Your assignment: Could you count the lines below that include the word "einer" and give only the number?

(Records for the exercise)

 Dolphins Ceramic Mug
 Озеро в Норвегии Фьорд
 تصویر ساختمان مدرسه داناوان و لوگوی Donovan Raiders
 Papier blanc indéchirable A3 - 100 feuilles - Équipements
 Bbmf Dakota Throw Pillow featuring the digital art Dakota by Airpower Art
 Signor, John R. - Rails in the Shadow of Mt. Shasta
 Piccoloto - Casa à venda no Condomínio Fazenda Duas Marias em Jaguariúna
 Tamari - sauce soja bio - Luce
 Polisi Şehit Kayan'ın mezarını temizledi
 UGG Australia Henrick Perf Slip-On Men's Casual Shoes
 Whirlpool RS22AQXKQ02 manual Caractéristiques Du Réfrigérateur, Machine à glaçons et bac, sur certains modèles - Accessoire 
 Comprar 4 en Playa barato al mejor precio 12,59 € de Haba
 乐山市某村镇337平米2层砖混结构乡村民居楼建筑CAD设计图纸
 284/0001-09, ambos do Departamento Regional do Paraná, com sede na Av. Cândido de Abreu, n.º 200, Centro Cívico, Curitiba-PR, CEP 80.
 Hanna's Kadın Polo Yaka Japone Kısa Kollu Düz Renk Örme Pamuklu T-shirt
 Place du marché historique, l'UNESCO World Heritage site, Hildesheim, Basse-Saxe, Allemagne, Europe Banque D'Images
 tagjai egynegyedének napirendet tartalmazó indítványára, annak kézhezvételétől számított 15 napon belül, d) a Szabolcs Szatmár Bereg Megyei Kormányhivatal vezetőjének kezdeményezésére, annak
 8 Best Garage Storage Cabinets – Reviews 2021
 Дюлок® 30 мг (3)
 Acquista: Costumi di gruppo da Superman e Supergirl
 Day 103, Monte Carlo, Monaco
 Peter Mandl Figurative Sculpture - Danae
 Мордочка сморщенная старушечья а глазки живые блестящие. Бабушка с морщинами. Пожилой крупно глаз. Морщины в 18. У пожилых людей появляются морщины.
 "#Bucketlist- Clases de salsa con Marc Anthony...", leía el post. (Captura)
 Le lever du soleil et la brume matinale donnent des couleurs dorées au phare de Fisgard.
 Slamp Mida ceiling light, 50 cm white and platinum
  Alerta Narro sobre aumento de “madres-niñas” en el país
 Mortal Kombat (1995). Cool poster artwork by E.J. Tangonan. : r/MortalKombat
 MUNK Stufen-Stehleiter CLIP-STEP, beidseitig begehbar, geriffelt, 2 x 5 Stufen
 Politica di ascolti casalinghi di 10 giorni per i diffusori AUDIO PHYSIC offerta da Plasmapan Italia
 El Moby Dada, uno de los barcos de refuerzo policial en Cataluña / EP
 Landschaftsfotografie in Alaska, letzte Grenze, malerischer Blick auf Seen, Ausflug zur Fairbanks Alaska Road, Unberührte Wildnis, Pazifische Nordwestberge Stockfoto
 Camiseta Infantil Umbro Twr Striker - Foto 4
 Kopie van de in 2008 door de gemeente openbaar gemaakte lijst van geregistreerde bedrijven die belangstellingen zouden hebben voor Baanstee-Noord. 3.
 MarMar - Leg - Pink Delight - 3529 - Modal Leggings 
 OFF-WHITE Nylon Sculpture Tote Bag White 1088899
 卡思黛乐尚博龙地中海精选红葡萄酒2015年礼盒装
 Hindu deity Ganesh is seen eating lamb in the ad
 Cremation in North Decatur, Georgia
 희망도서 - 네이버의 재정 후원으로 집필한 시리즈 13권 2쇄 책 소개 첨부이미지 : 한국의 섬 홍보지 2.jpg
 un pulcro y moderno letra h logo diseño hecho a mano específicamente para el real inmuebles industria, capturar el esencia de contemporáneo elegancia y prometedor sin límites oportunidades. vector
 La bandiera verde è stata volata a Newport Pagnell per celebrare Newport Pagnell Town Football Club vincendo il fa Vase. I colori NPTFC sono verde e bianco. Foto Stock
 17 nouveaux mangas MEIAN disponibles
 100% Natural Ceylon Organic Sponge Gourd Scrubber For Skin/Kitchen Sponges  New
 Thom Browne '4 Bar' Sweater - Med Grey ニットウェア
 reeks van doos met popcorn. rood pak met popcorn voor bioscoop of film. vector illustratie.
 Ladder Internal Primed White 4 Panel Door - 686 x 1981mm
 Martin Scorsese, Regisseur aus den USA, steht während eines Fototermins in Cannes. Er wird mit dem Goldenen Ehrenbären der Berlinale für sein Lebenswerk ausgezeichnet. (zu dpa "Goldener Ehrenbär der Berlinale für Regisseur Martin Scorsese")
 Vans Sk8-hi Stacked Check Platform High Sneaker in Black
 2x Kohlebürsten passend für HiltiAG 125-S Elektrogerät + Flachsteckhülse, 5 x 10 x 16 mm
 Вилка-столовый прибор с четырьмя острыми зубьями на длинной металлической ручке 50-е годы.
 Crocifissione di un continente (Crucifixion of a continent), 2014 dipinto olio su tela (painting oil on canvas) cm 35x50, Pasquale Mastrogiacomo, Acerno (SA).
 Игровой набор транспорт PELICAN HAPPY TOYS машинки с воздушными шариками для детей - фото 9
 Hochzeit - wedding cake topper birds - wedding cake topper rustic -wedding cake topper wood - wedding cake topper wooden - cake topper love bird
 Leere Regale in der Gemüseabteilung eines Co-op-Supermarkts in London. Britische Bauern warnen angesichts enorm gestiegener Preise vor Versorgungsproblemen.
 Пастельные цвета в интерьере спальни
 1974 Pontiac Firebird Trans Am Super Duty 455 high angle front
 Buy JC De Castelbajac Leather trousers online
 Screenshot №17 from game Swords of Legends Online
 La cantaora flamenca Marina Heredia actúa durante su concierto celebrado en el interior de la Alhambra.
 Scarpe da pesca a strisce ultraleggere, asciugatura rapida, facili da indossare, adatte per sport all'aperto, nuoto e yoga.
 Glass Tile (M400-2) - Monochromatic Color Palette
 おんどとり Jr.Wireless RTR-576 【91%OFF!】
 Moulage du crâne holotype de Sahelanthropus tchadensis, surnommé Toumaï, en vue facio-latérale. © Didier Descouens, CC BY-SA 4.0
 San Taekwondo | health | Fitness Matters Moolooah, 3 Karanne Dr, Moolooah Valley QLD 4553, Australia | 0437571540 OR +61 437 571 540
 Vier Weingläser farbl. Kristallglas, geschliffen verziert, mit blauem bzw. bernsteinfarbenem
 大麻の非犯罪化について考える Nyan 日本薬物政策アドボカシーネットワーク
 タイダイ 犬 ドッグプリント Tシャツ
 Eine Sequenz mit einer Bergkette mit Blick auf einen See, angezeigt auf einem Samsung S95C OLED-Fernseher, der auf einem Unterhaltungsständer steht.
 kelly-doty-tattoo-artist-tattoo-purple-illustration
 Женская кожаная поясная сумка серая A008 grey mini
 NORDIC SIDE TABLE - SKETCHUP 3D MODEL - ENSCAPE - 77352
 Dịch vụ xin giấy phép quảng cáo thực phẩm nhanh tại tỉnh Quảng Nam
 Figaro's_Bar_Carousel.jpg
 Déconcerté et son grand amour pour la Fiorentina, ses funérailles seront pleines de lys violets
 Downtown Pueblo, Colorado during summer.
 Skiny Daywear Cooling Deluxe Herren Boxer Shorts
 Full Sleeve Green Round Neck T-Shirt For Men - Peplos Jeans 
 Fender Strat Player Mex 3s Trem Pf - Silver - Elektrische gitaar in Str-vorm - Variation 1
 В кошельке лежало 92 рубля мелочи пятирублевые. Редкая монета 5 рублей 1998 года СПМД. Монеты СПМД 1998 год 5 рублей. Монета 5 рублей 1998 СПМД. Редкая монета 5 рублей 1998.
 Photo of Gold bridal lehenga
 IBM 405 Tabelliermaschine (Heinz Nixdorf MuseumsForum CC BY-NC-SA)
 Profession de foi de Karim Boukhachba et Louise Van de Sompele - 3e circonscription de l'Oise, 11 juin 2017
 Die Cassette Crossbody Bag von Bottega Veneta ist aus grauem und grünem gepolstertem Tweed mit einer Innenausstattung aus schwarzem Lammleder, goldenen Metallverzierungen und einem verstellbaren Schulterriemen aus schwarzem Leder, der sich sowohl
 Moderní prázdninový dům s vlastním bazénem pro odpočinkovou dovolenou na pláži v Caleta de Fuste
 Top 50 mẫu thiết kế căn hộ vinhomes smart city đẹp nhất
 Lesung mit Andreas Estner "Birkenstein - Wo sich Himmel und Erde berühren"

(End Records for the exercise)

Written solution: 2